## TASK DESCRIPTION:
The answer is to be the lines below that lie between the line holding "Frau lenkt Auto" and the line holding "Street Trees", inclusive, transcribed exactly and free of pictures.

::: EXERCISE INPUTS

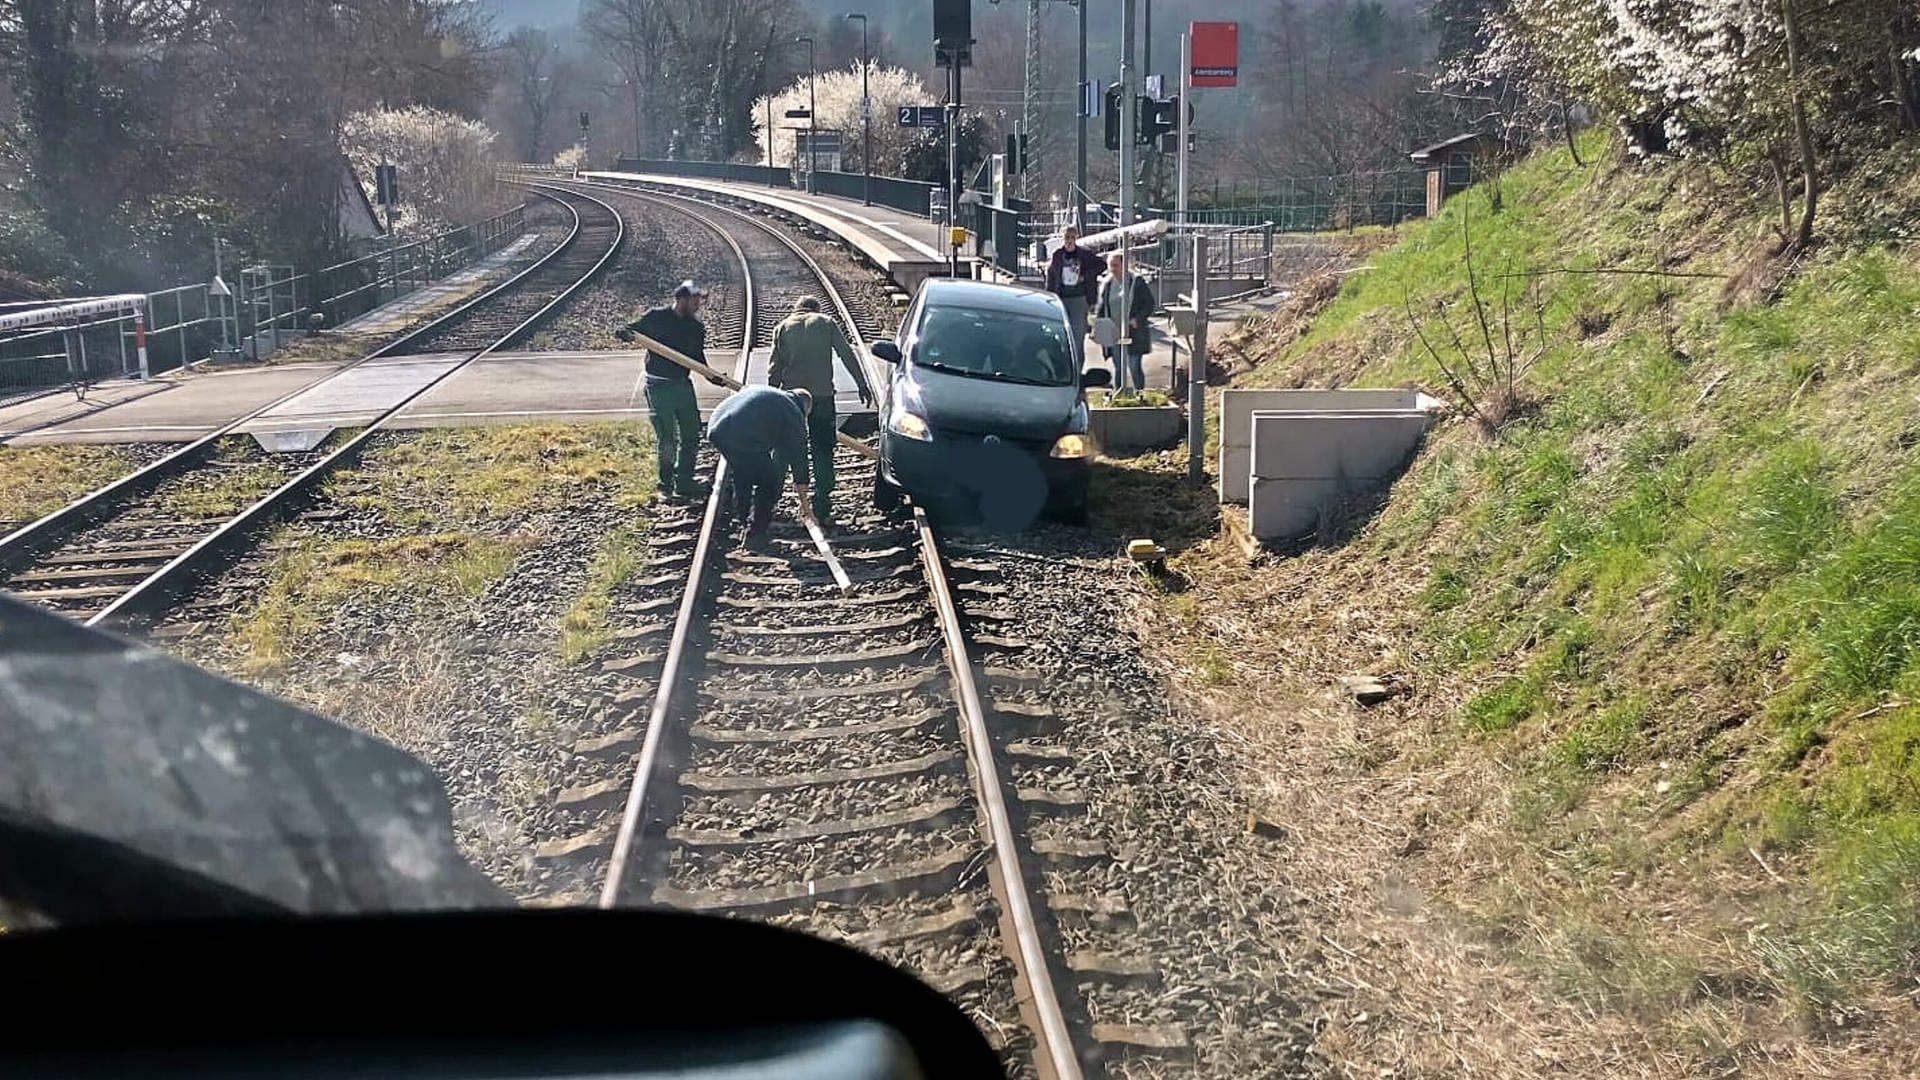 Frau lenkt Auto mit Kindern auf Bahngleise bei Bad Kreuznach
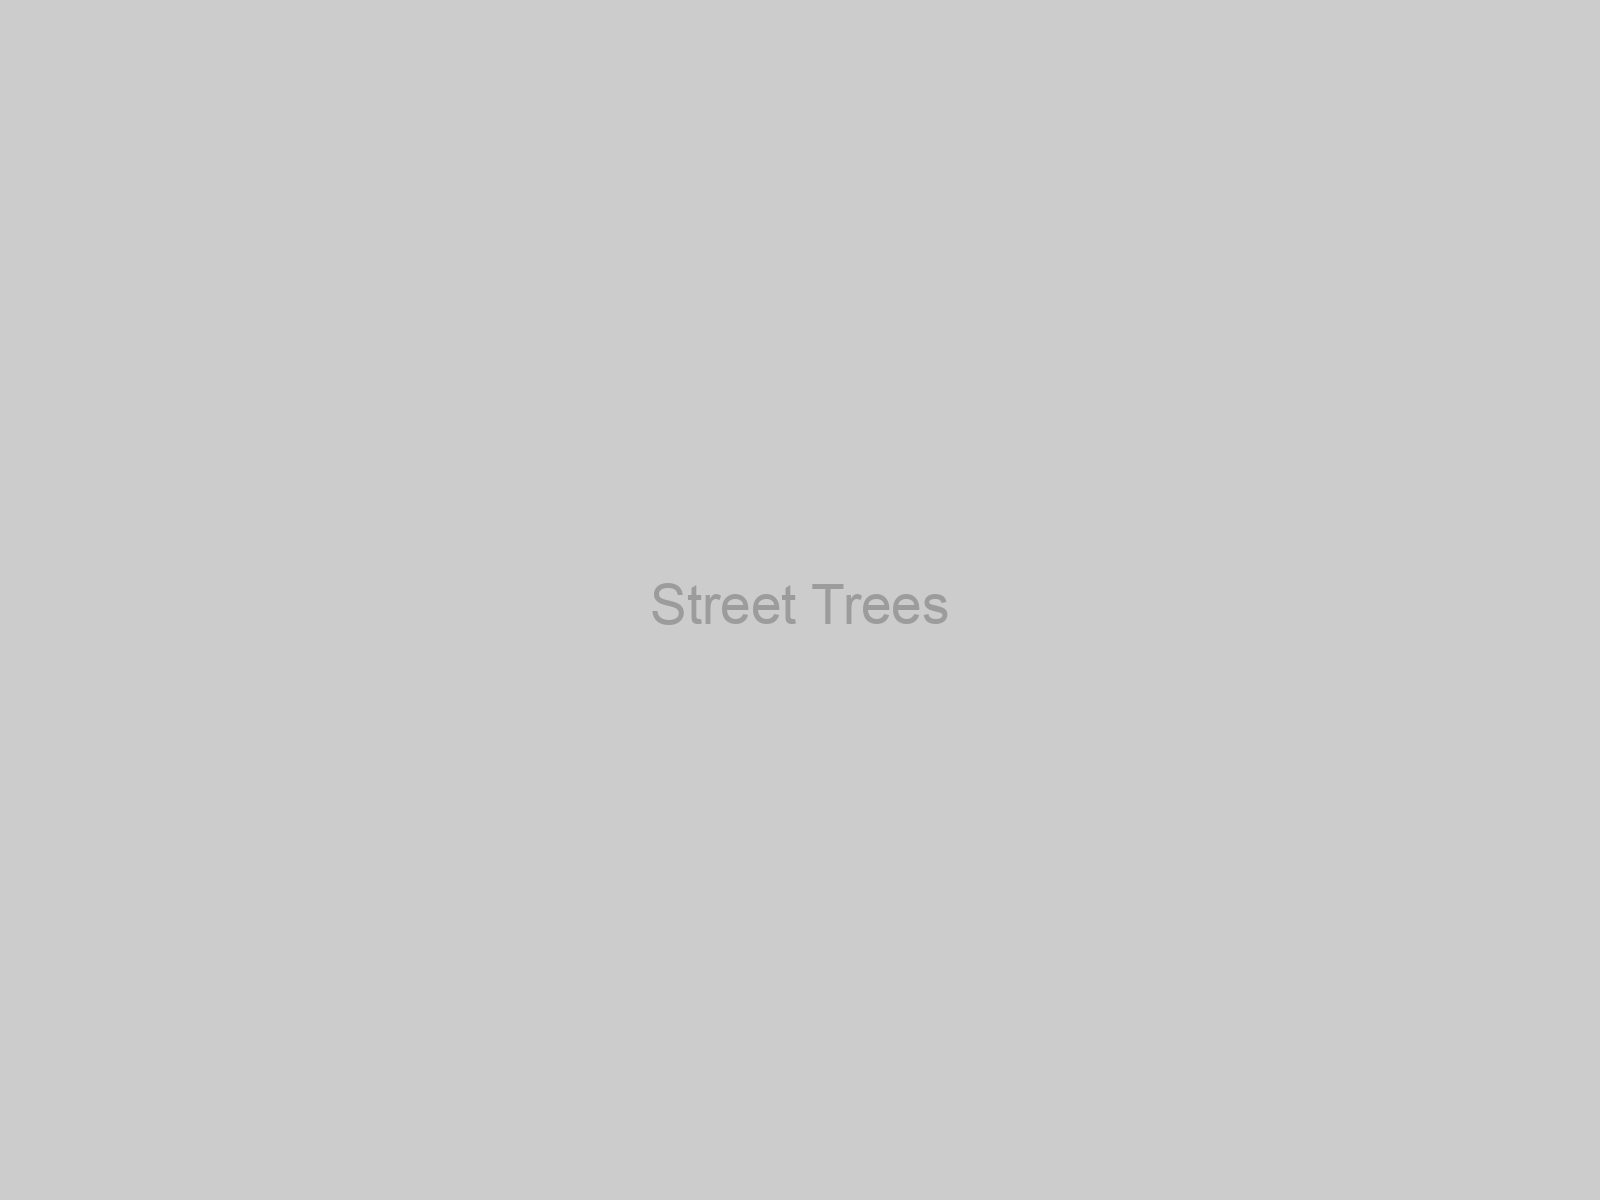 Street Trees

::::::
::: EXERCISE INPUTS

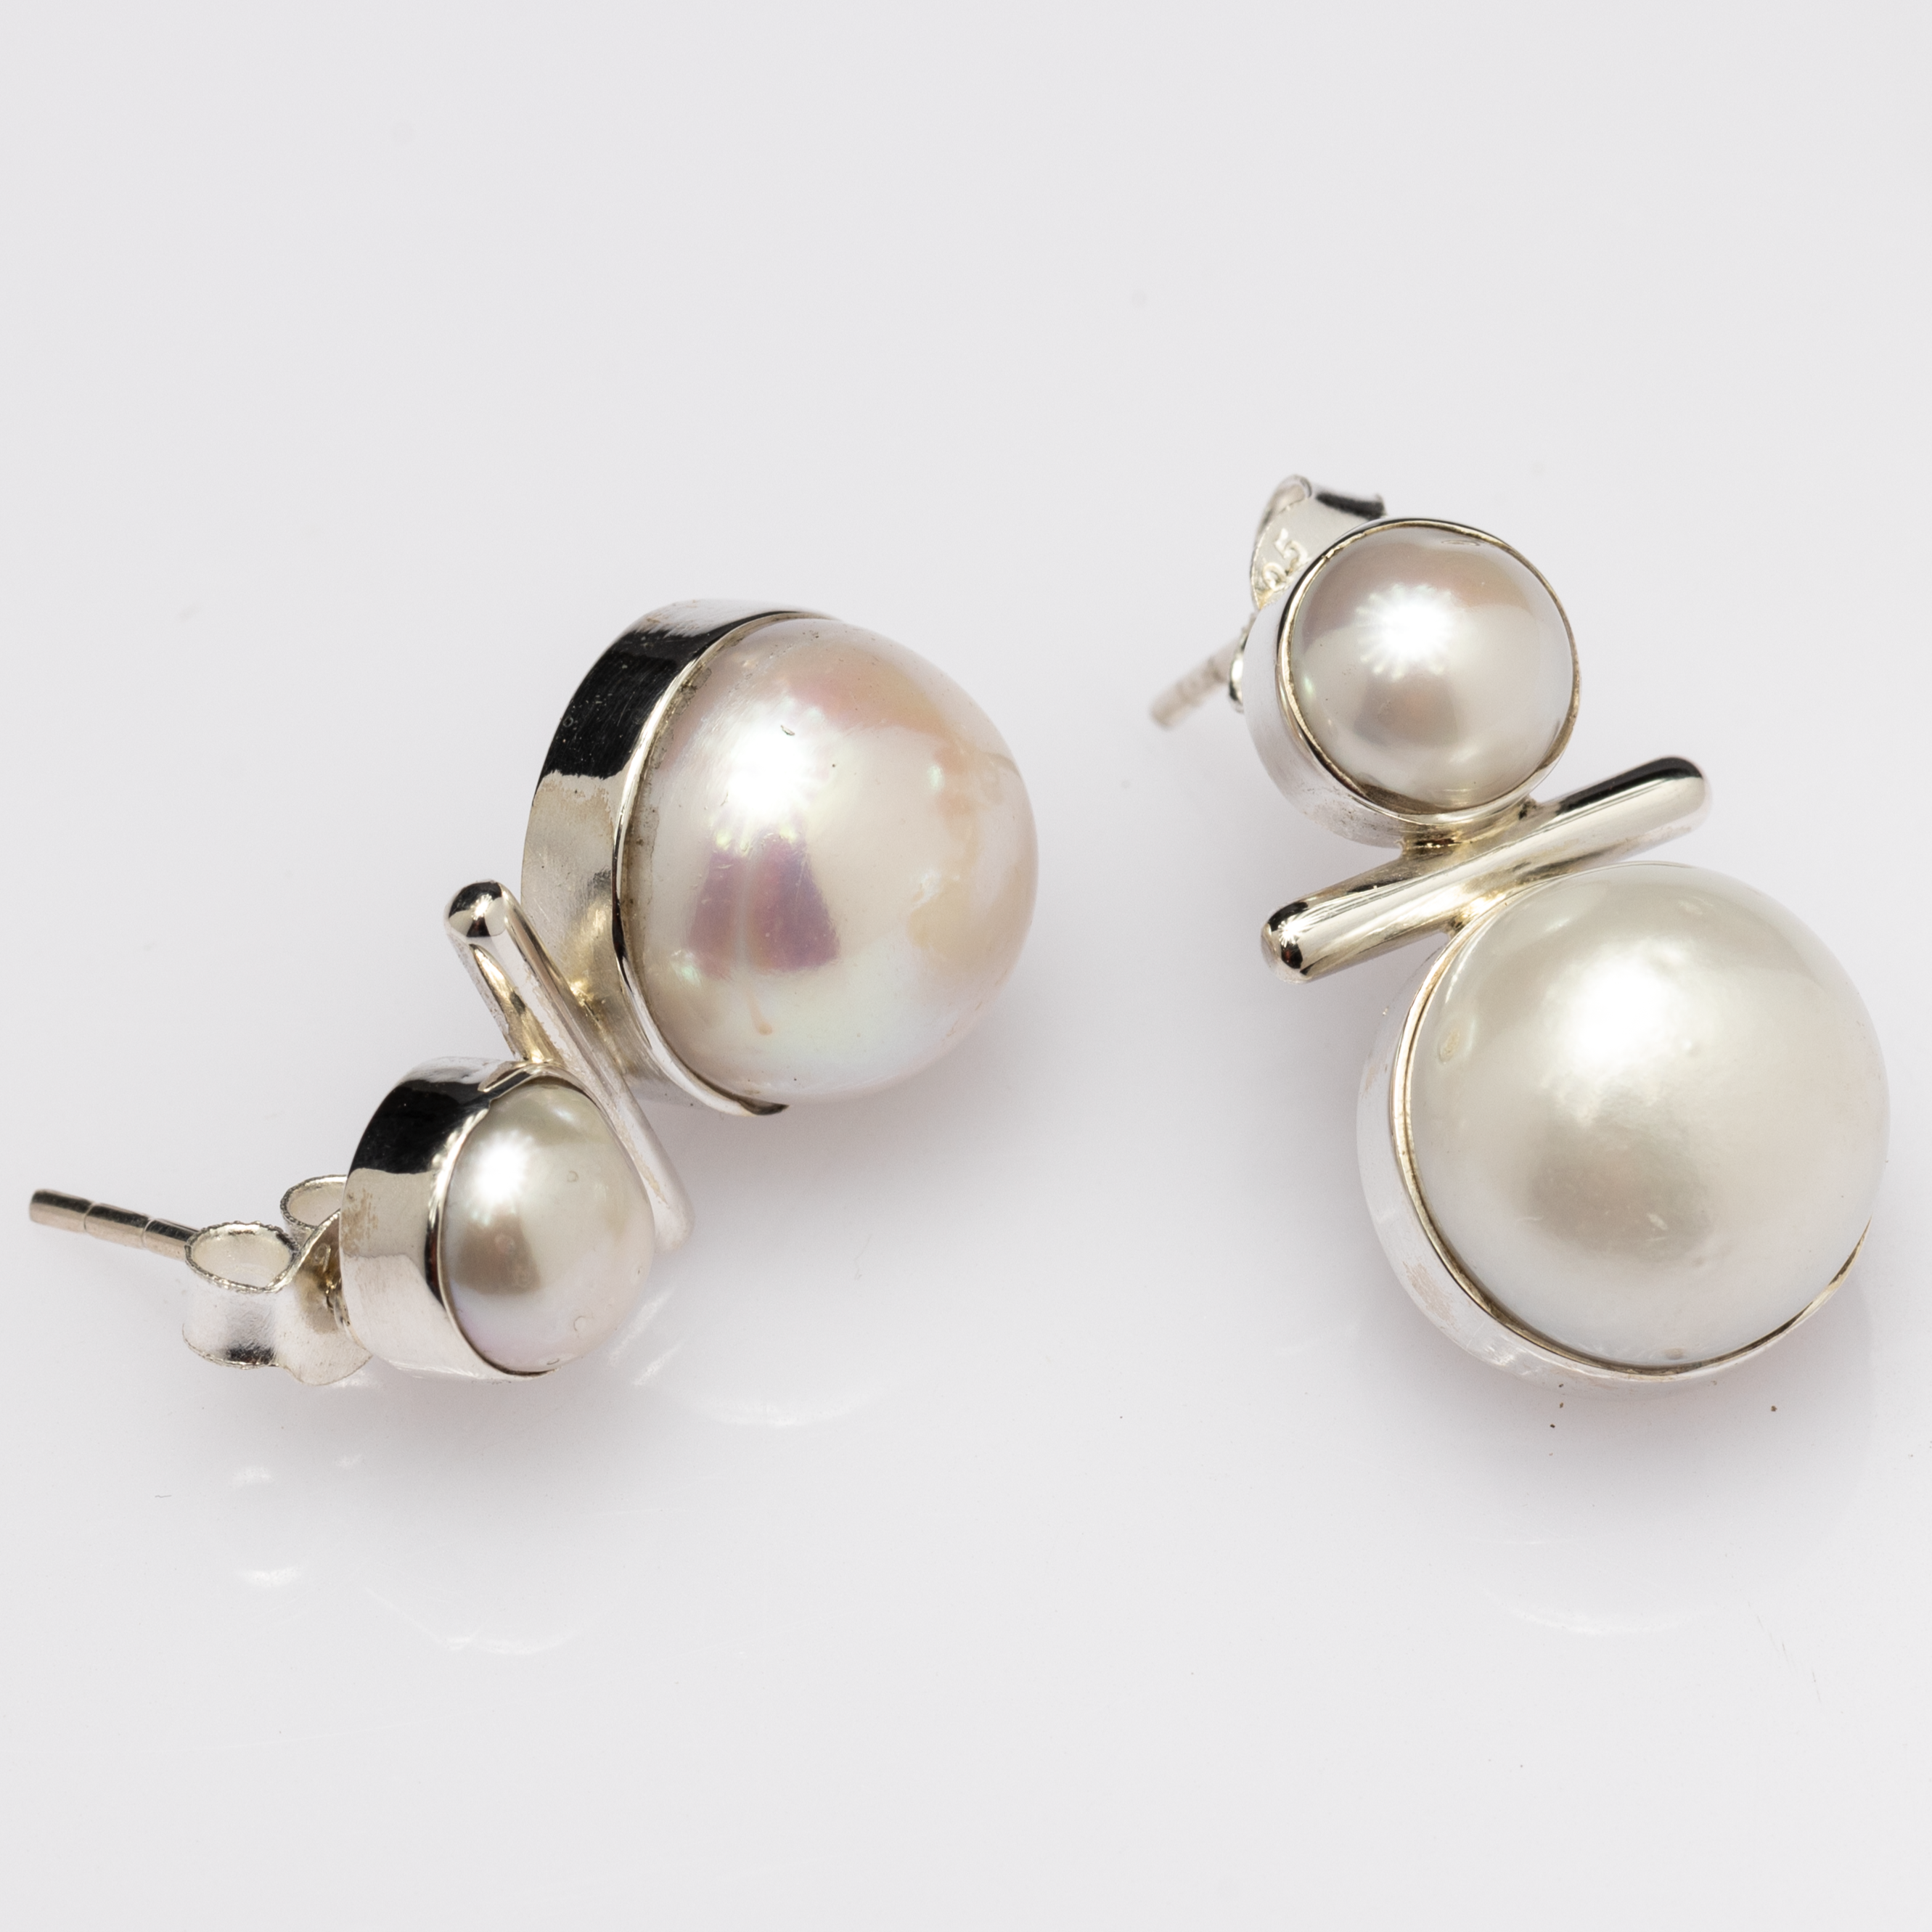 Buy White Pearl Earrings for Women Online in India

::::::

## RESULT OF THE TASK:
 Frau lenkt Auto mit Kindern auf Bahngleise bei Bad Kreuznach
 Street Trees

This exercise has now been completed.